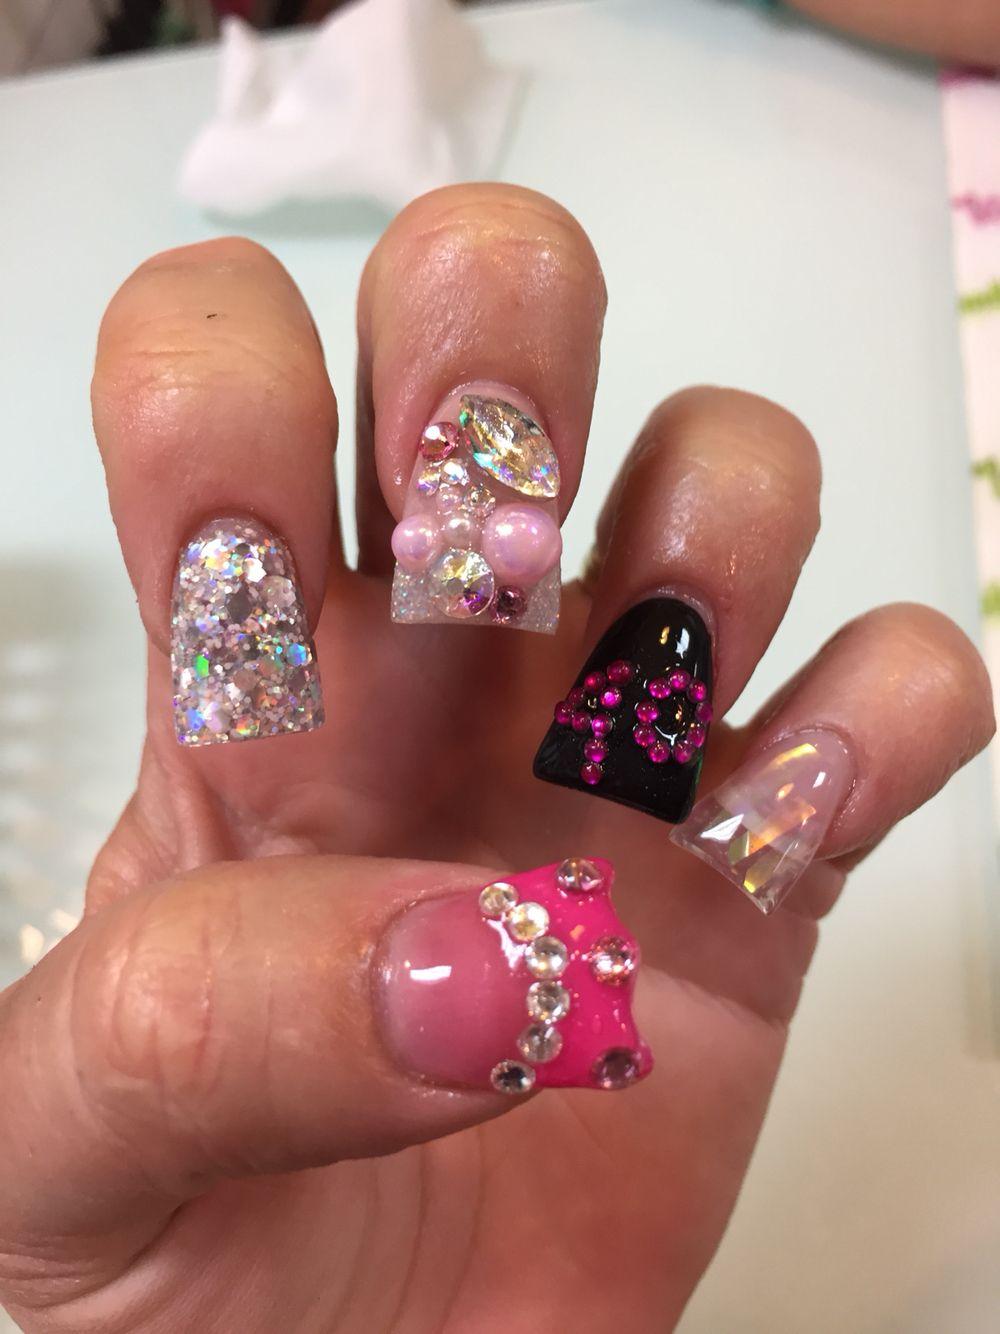 40th birthday nails! #birthday nails #40th
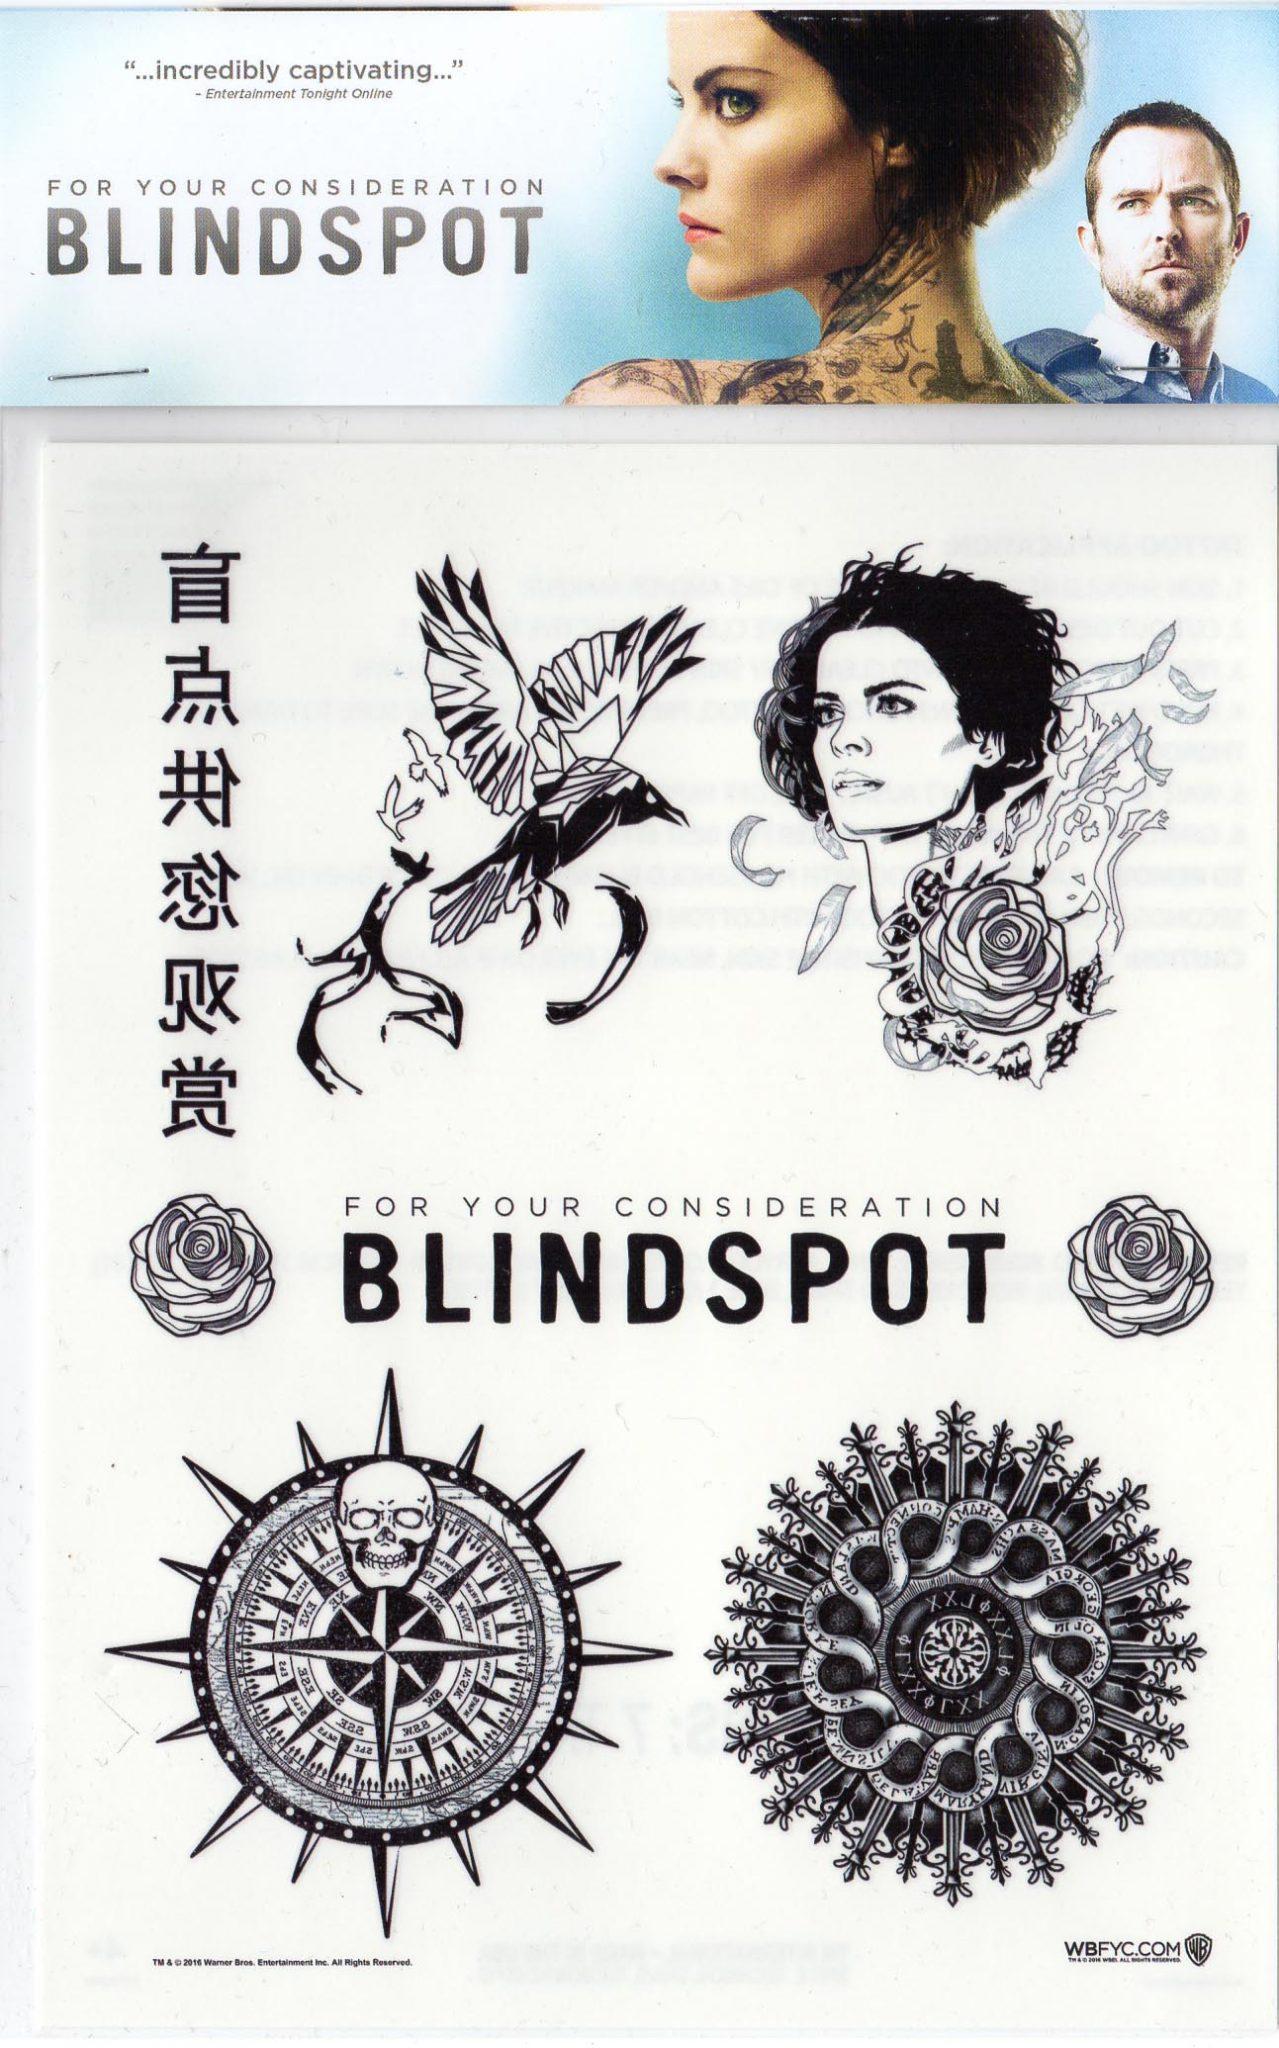 7 Blindspot Temporary Tattoos From Warner Bros At Sdcc
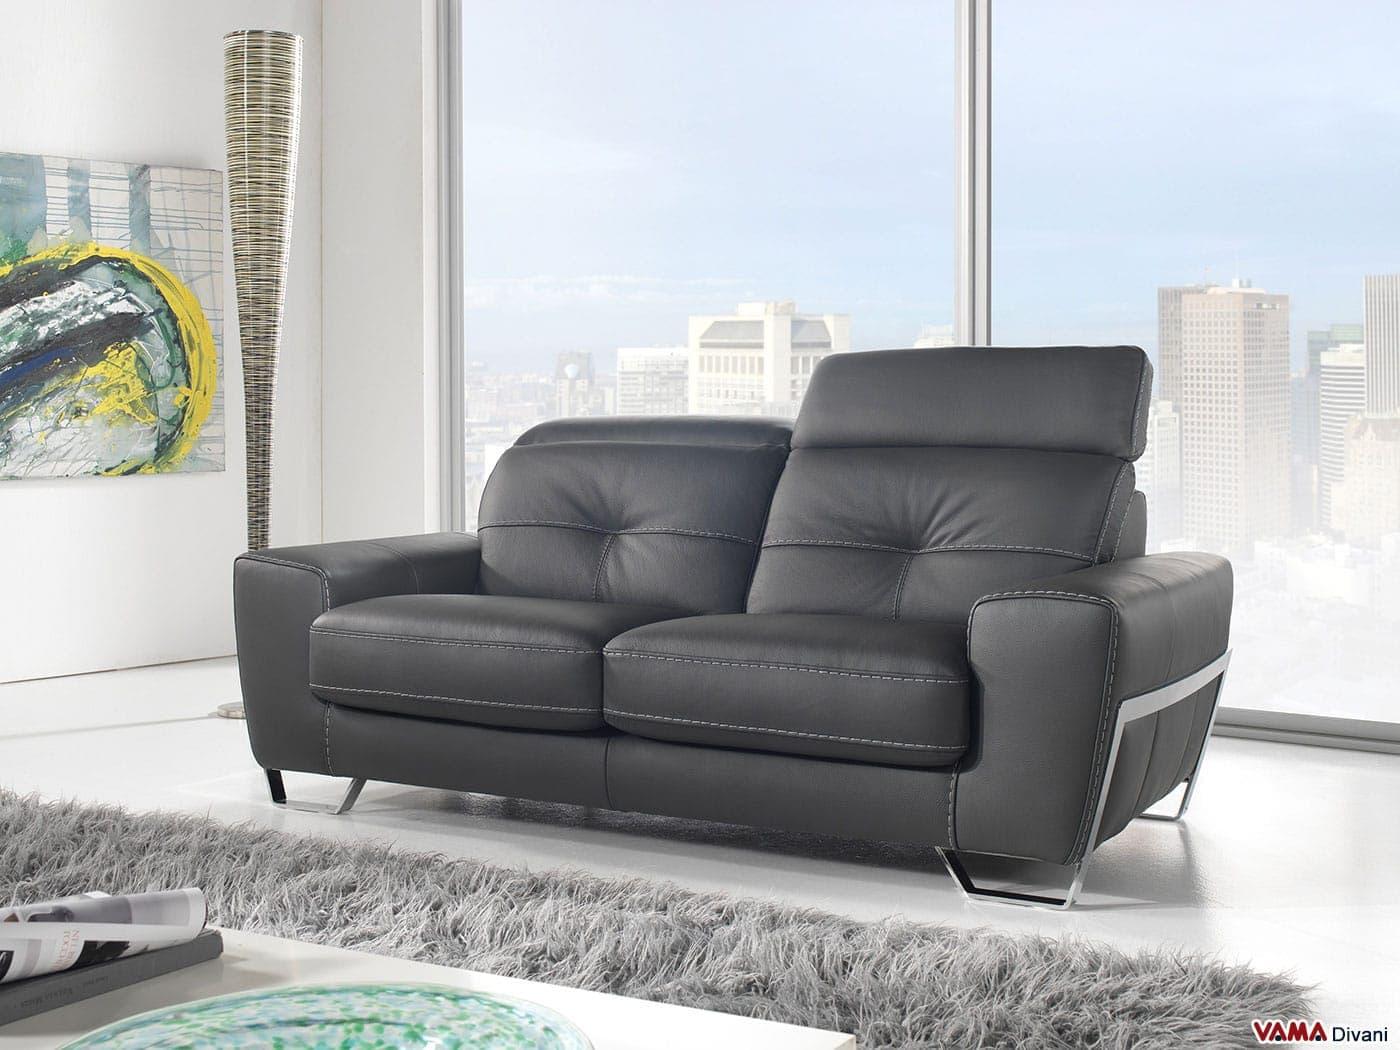 Divano ecopelle mondo convenienza simple mondo - Materassi per divano letto mondo convenienza ...

[TASK STATEMENT] Reprint the whole listing verbatim except for the pictures.

[TASK ANSWER]
 40th birthday nails! #birthday nails #40th
 7 Blindspot Temporary Tattoos From Warner Bros At Sdcc
 Divano ecopelle mondo convenienza simple mondo - Materassi per divano letto mondo convenienza ...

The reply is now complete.